■ **Dataset content**:
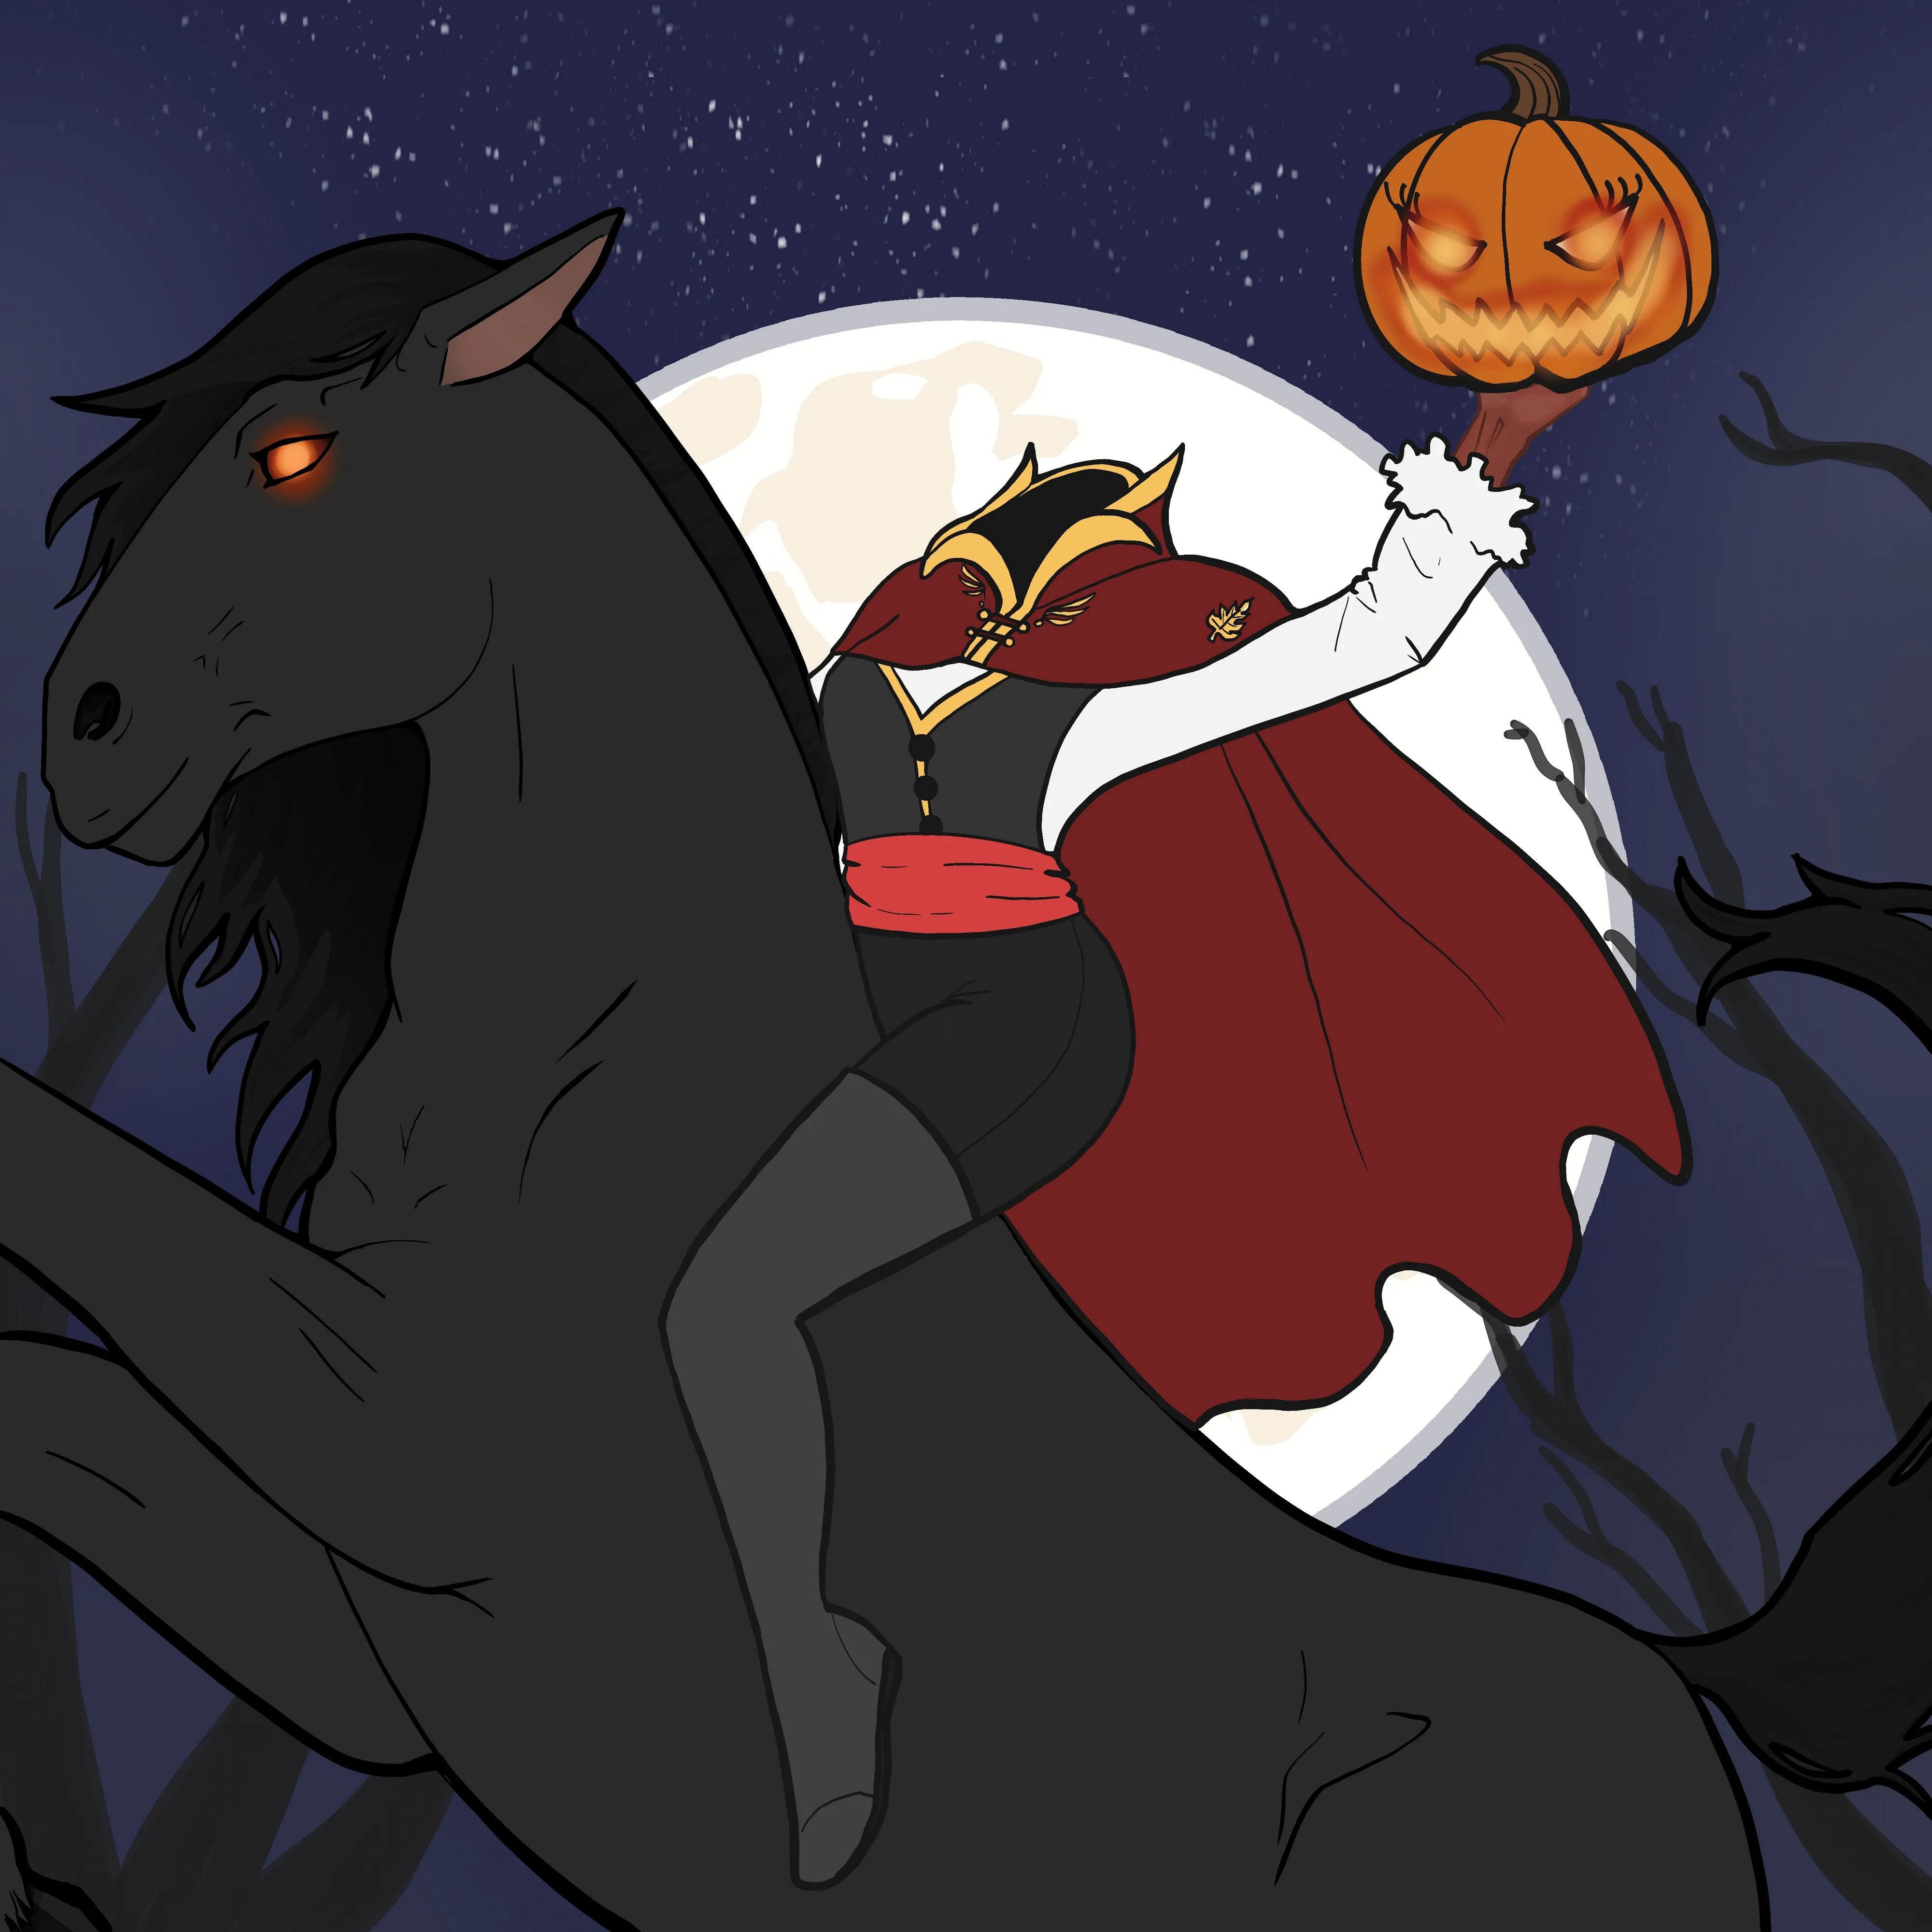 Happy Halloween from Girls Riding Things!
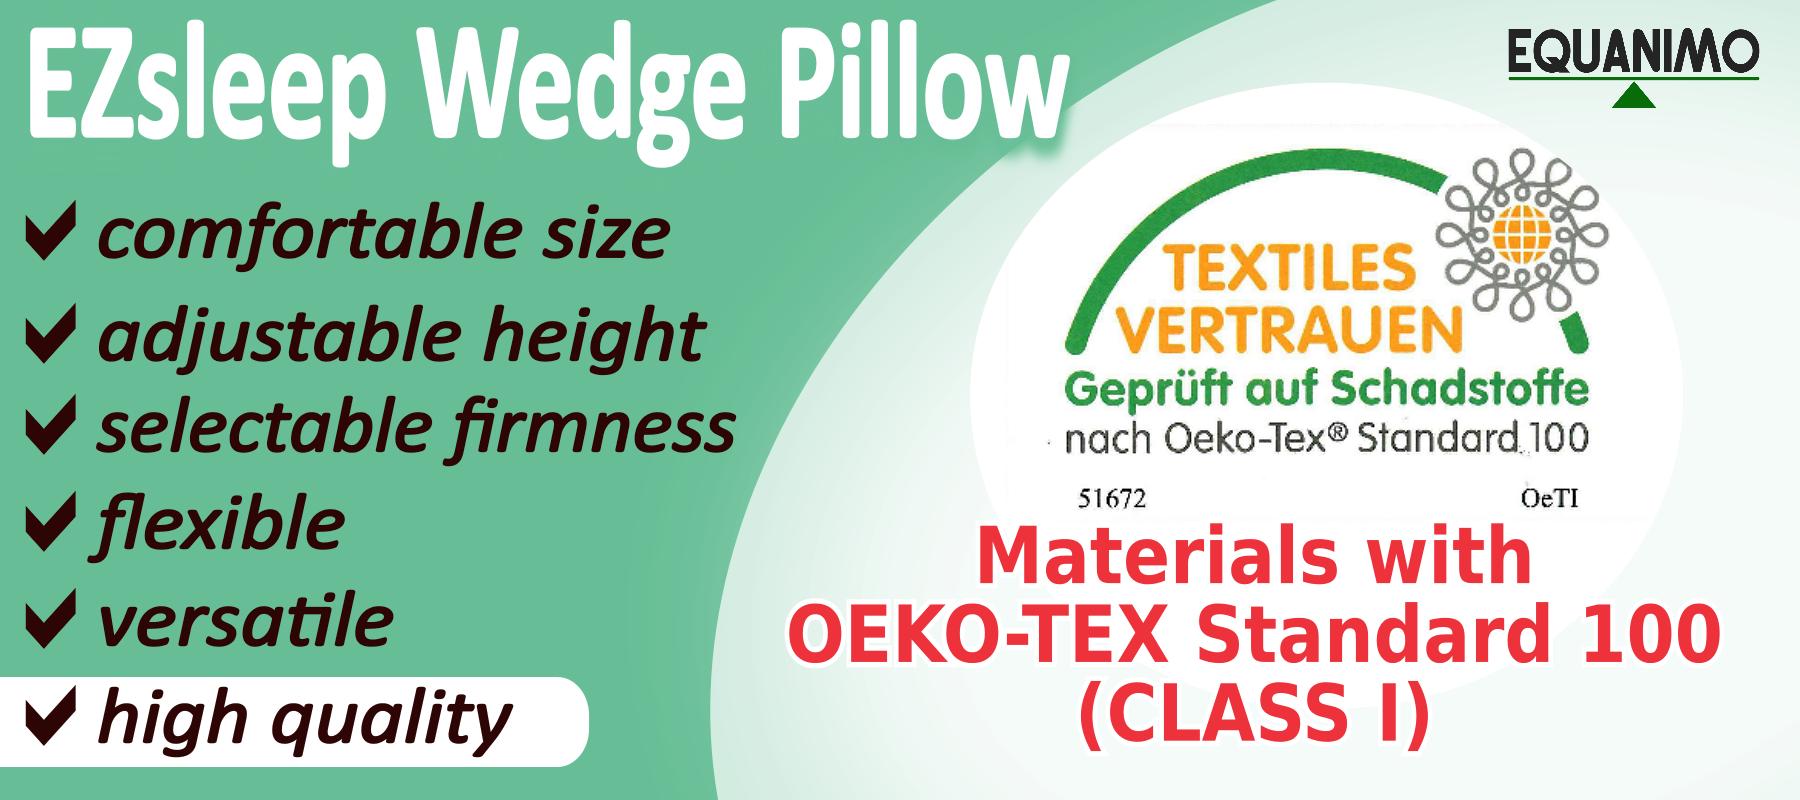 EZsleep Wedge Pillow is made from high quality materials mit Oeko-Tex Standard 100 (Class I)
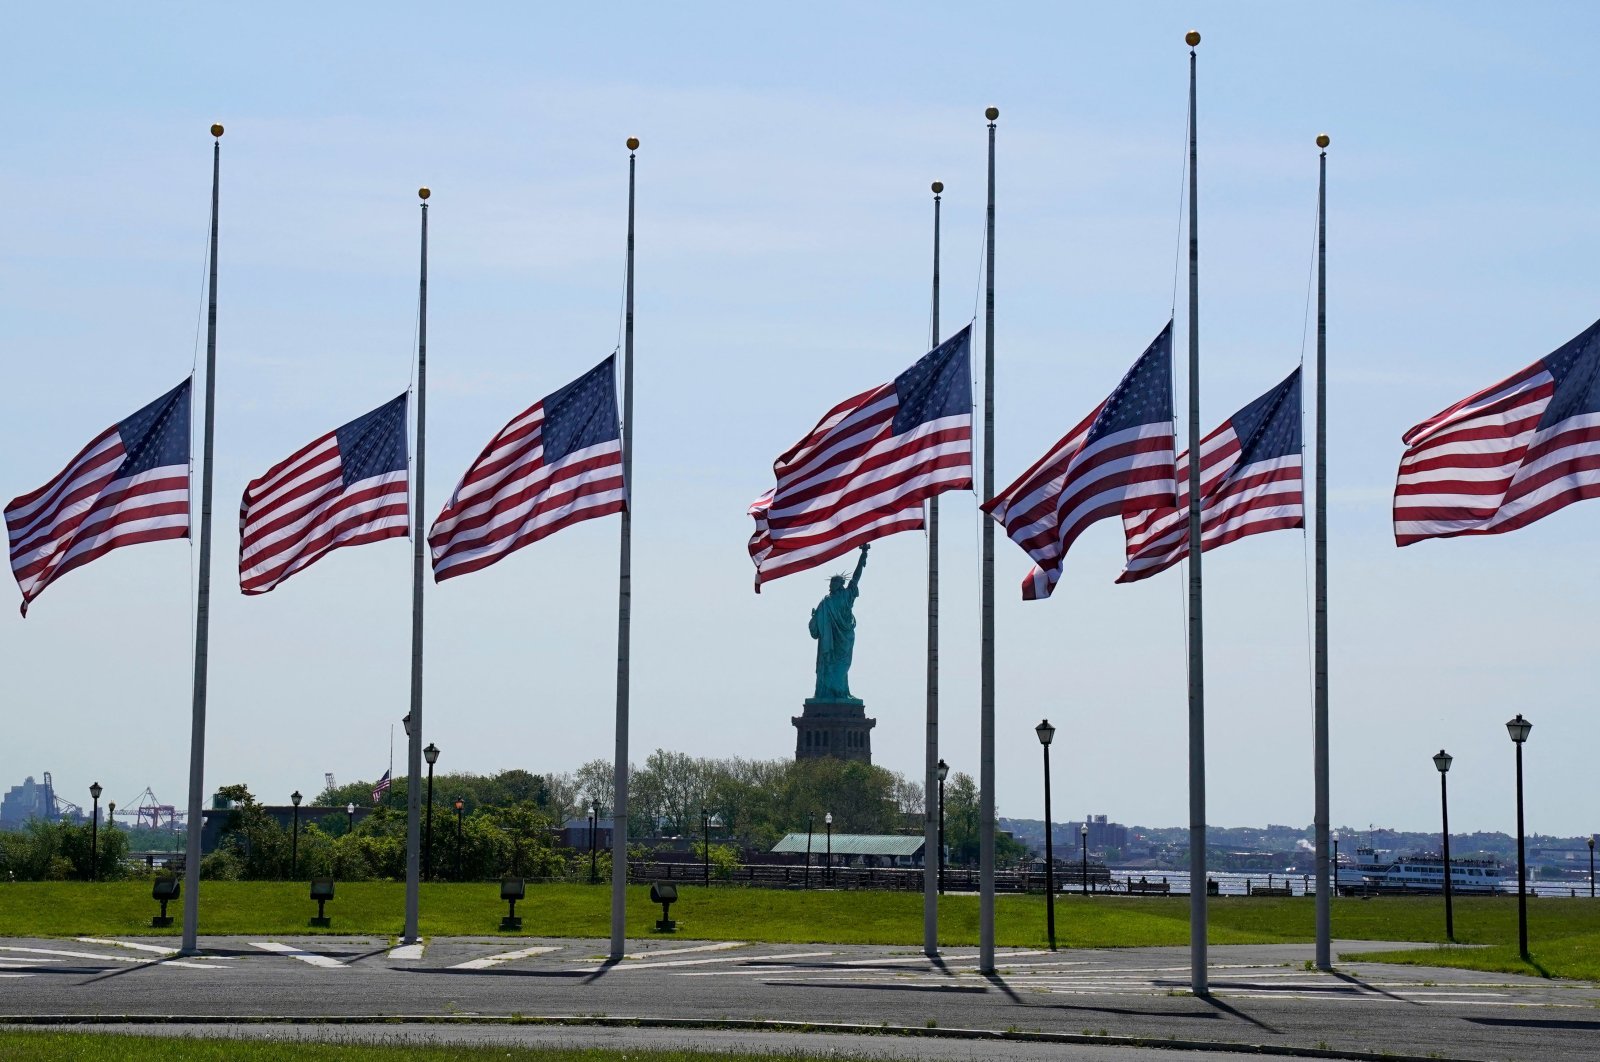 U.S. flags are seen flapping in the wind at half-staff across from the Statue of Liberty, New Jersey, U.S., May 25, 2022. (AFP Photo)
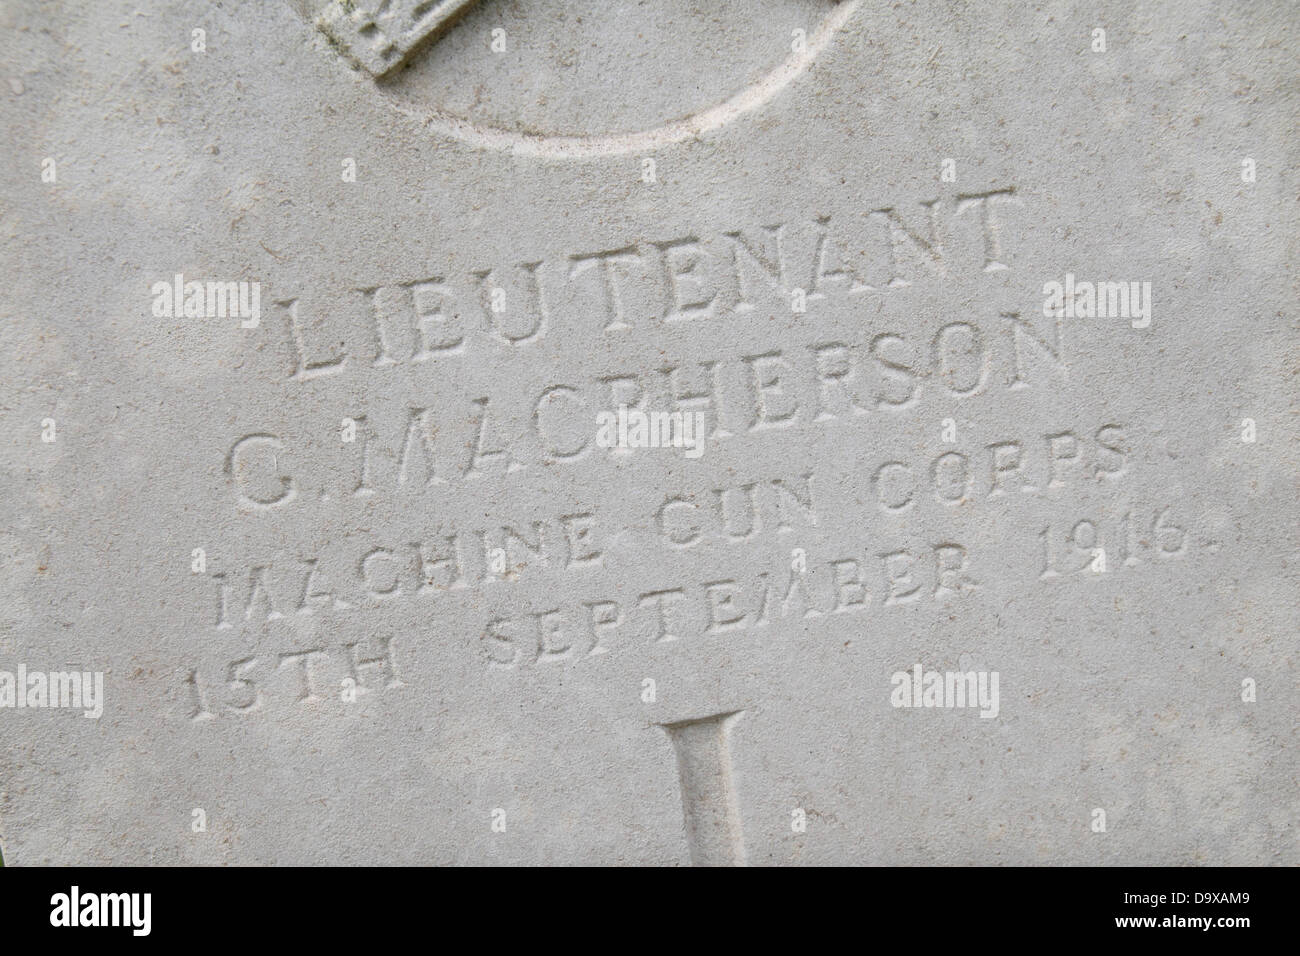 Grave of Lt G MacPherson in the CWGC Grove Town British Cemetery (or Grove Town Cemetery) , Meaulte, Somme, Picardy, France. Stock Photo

■ **Aim of the exercise**:
Return the listing above in full and without alteration, excluding its pictures.

■ **Exercise solution**:
 Happy Halloween from Girls Riding Things!
 EZsleep Wedge Pillow is made from high quality materials mit Oeko-Tex Standard 100 (Class I)
 U.S. flags are seen flapping in the wind at half-staff across from the Statue of Liberty, New Jersey, U.S., May 25, 2022. (AFP Photo)
 Grave of Lt G MacPherson in the CWGC Grove Town British Cemetery (or Grove Town Cemetery) , Meaulte, Somme, Picardy, France. Stock Photo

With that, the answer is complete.